╭─ Exercise data
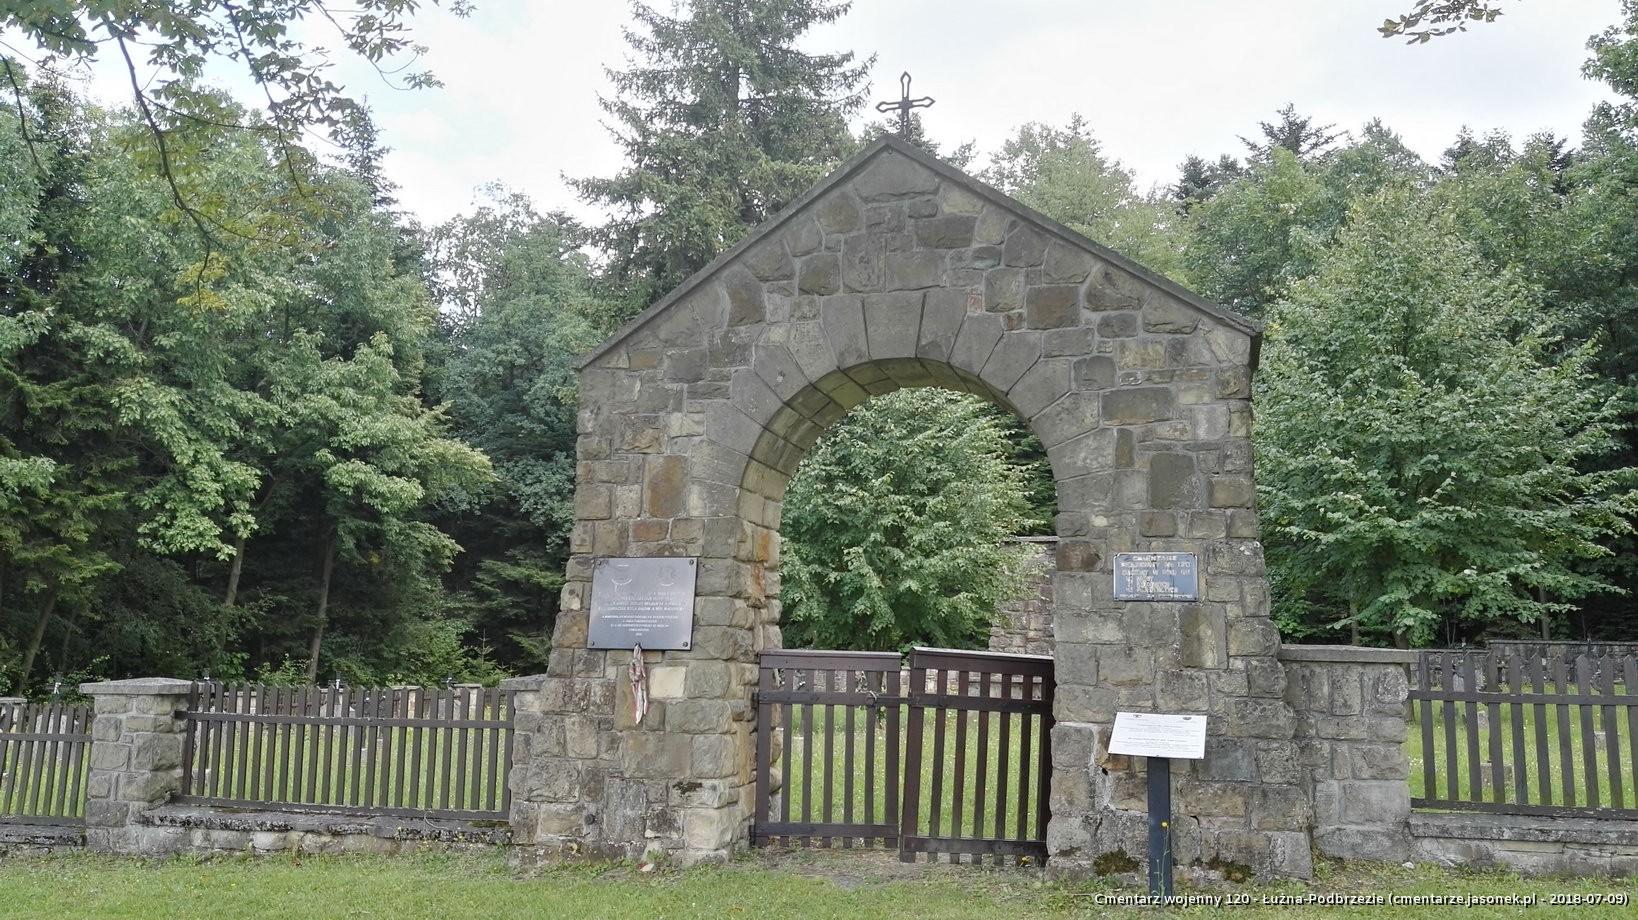 Cmentarz wojenny 120 - Łużna-Podbrzezie
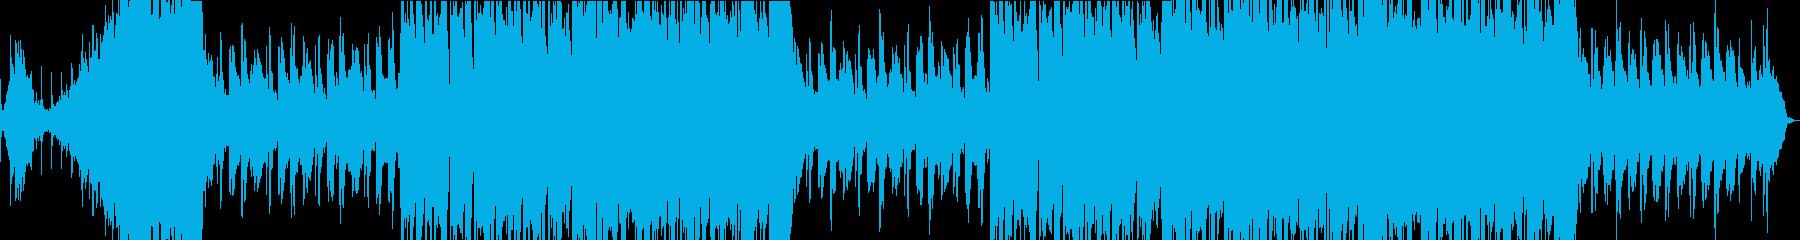 和をイメージした癒し系バラード曲の再生済みの波形
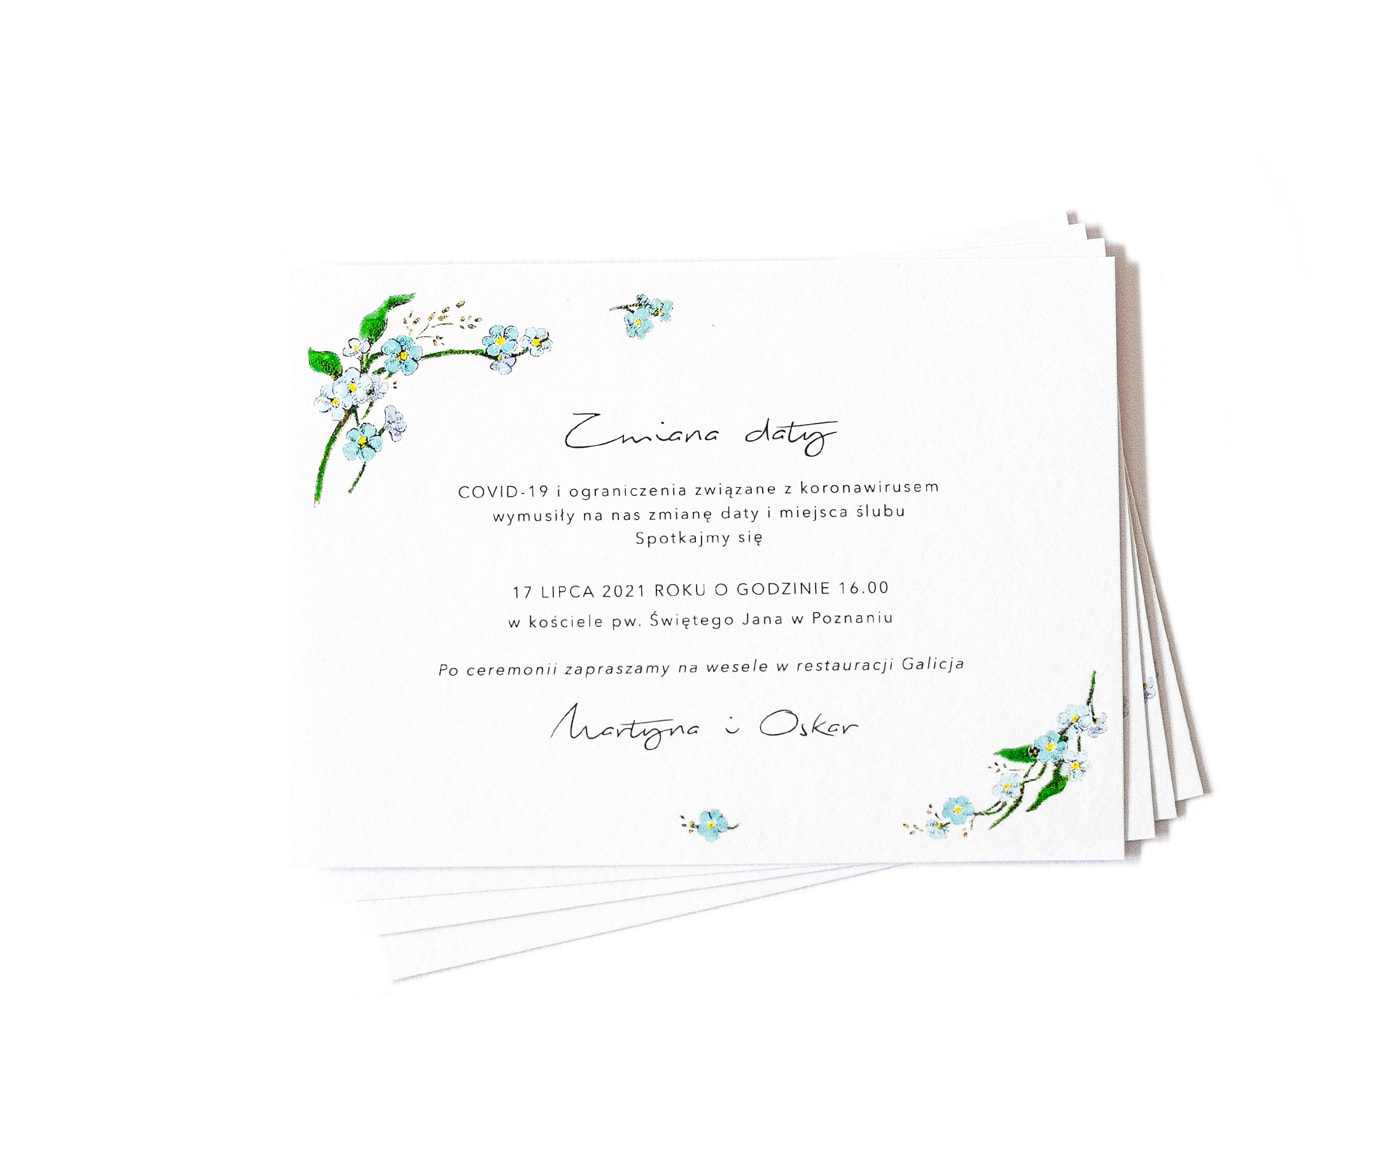 Karteczka z informacją o zmianie daty ślubu z powodu koronawirusa
╰─
Reproduce the listing exactly, minus its pictures.

• [Expected output]
 Cmentarz wojenny 120 - Łużna-Podbrzezie
 和をイメージした癒し系バラード曲の再生済みの波形
 Karteczka z informacją o zmianie daty ślubu z powodu koronawirusa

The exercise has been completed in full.